### Conceptual Questions

### 7.1 Wave Functions

What is the physical unit of a wave function, $\text{\Psi}(x,t)?$ What is the physical unit of the square of this wave function?

Can the magnitude of a wave function $({\text{\Psi}}^{*}\left(x,t\right)\phantom{\rule{0.2em}{0ex}}\text{\Psi}(x,t))$ be a negative number? Explain.

What is the physical meaning of a wave function of a particle?

### 7.2 The Heisenberg Uncertainty Principle

If the formalism of quantum mechanics is ‘more exact’ than that of classical mechanics, why don’t we use quantum mechanics to describe the motion of a leaping frog? Explain.

Can the de Broglie wavelength of a particle be known precisely?
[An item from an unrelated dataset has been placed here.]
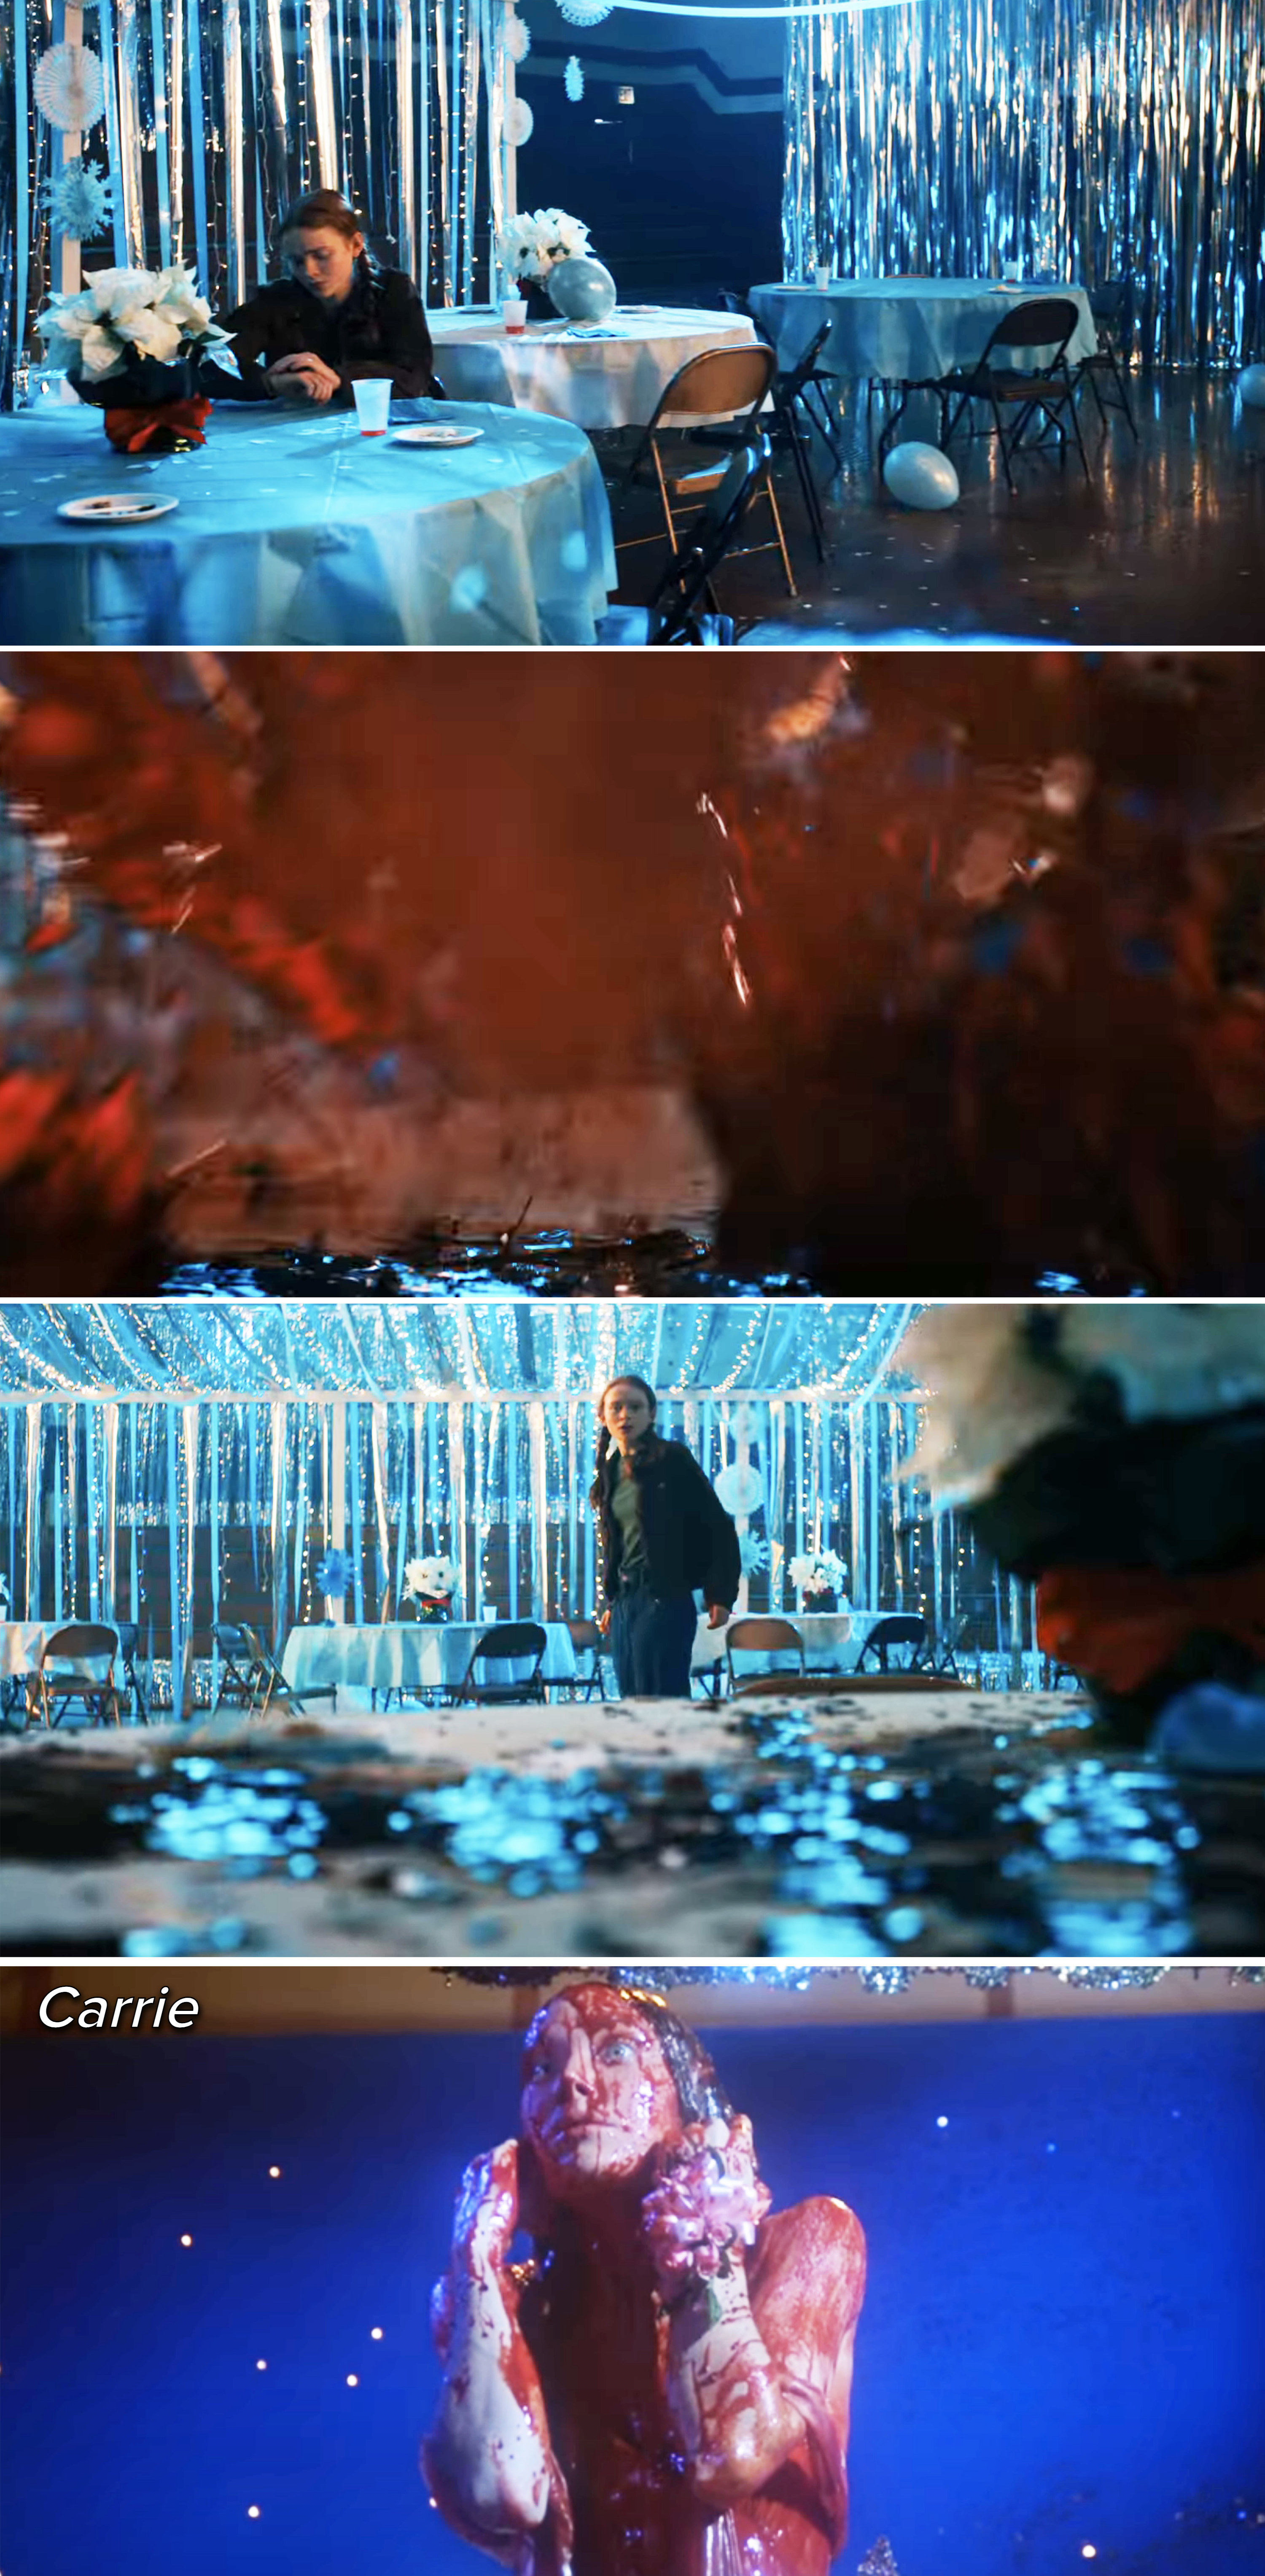 the two scenes with balloons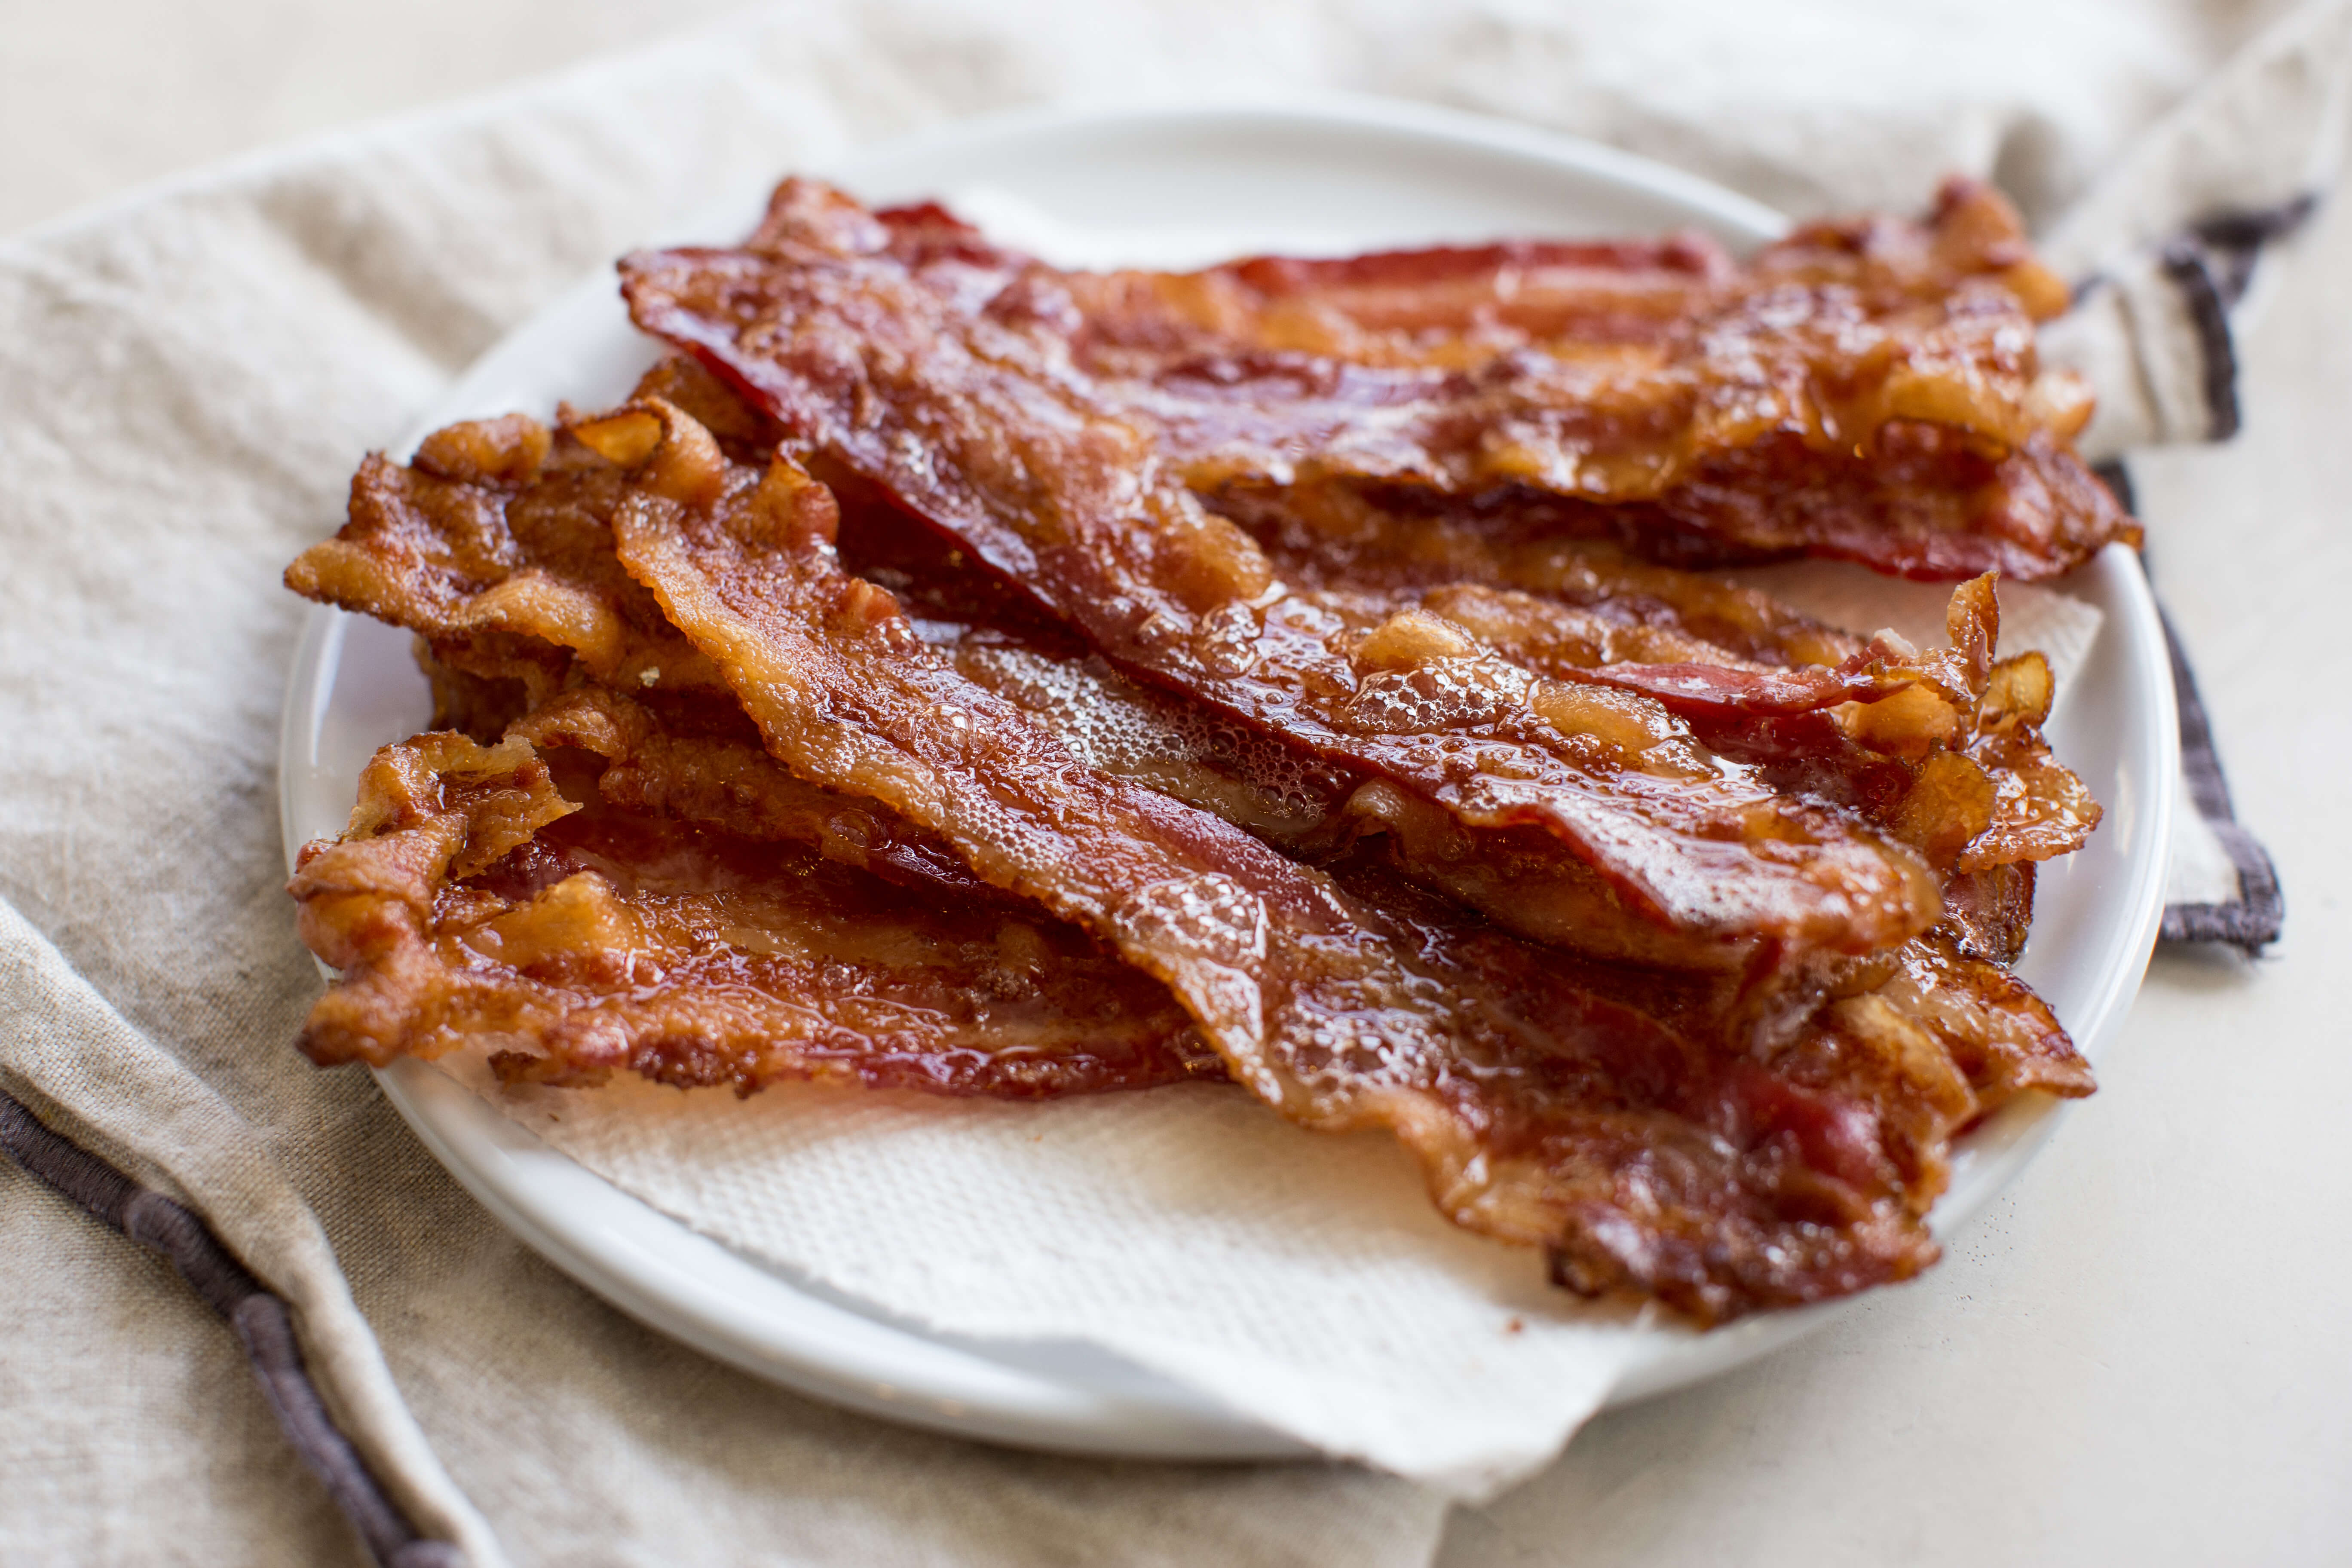 https://www.loveandzest.com/wp-content/uploads/2019/02/How-to-Cook-Bacon-in-the-Oven-Hi-Res-4.jpg

Can the position of a particle be known precisely?

Can we measure the energy of a free localized particle with complete precision?

### 7.3 The Schrӧdinger Equation

What is the difference between a wave function $\psi (x,y,z)$ and a wave function $\text{\Psi}(x,y,z,t)$ for the same particle?

Explain the difference between time-dependent and -independent Schrӧdinger’s equations.

Suppose a wave function is discontinuous at some point. Can this function represent a quantum state of some physical particle? Why? Why not?

### 7.4 The Quantum Particle in a Box

Using the quantum particle in a box model, describe how the possible energies of the particle are related to the size of the box.

Is it possible that when we measure the energy of a quantum particle in a box, the measurement may return a smaller value than the ground state energy? What is the highest value of the energy that we can measure for this particle?

For a quantum particle in a box, the first excited state $({\text{\Psi}}_{2})$ has zero value at the midpoint position in the box, so that the probability density of finding a particle at this point is exactly zero. Explain what is wrong with the following reasoning: “If the probability of finding a quantum particle at the midpoint is zero, the particle is never at this point, right? How does it come then that the particle can cross this point on its way from the left side to the right side of the box?

### 7.5 The Quantum Harmonic Oscillator

Is it possible to measure energy of $0.75\hslash \omega $ for a quantum harmonic oscillator? Why? Why not? Explain.

Explain the connection between Planck’s hypothesis of energy quanta and the energies of the quantum harmonic oscillator.

If a classical harmonic oscillator can be at rest, why can the quantum harmonic oscillator never be at rest? Does this violate Bohr’s correspondence principle?

Use an example of a quantum particle in a box or a quantum oscillator to explain the physical meaning of Bohr’s correspondence principle.

### 7.6 The Quantum Tunneling of Particles through Potential Barriers

When an electron and a proton of the same kinetic energy encounter a potential barrier of the same height and width, which one of them will tunnel through the barrier more easily? Why?

What decreases the tunneling probability most: doubling the barrier width or halving the kinetic energy of the incident particle?

Explain the difference between a box-potential and a potential of a quantum dot.

Can a quantum particle ‘escape’ from an infinite potential well like that in a box? Why? Why not?

A tunnel diode and a resonant-tunneling diode both utilize the same physics principle of quantum tunneling. In what important way are they different?